-- Entries shown follows --
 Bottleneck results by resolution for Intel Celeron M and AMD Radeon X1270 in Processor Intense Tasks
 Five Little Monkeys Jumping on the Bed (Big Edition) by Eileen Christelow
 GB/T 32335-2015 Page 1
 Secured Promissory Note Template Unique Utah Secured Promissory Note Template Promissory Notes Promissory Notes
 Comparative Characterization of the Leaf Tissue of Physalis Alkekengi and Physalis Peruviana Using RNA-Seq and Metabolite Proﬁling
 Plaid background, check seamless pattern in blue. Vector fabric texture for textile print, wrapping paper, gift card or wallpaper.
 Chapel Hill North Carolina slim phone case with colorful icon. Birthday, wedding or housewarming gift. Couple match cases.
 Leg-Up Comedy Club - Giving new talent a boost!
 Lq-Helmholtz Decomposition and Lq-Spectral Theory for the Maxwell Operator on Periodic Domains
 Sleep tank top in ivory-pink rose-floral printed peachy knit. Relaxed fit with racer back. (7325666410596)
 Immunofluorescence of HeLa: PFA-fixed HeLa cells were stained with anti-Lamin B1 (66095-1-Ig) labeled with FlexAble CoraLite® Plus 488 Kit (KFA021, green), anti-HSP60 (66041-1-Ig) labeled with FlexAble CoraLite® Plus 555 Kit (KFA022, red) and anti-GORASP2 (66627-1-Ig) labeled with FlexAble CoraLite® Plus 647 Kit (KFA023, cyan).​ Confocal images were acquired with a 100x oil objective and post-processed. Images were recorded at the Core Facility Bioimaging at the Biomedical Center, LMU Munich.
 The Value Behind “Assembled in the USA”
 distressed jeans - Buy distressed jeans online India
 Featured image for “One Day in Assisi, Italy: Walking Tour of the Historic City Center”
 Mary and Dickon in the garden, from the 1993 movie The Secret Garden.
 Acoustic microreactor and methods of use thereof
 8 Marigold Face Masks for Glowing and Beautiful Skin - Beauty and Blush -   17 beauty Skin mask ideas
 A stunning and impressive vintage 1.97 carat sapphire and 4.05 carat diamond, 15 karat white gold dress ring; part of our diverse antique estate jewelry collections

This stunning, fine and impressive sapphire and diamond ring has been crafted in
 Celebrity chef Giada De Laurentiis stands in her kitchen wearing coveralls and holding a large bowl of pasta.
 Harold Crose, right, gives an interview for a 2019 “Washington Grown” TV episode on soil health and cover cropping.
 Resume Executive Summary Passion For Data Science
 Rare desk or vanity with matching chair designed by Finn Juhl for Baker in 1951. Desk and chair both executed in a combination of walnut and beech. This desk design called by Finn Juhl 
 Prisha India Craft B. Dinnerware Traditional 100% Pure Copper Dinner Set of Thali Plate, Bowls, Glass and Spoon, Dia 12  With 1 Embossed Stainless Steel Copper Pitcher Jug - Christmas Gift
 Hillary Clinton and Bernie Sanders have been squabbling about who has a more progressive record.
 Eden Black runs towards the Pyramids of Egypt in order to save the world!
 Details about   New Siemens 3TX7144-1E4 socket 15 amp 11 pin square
-- Entries shown concluded --
- [Exercise goal] What lines above contain the string "impressive"? Copy all of them.

- [Expected answer]
 A stunning and impressive vintage 1.97 carat sapphire and 4.05 carat diamond, 15 karat white gold dress ring; part of our diverse antique estate jewelry collections
This stunning, fine and impressive sapphire and diamond ring has been crafted in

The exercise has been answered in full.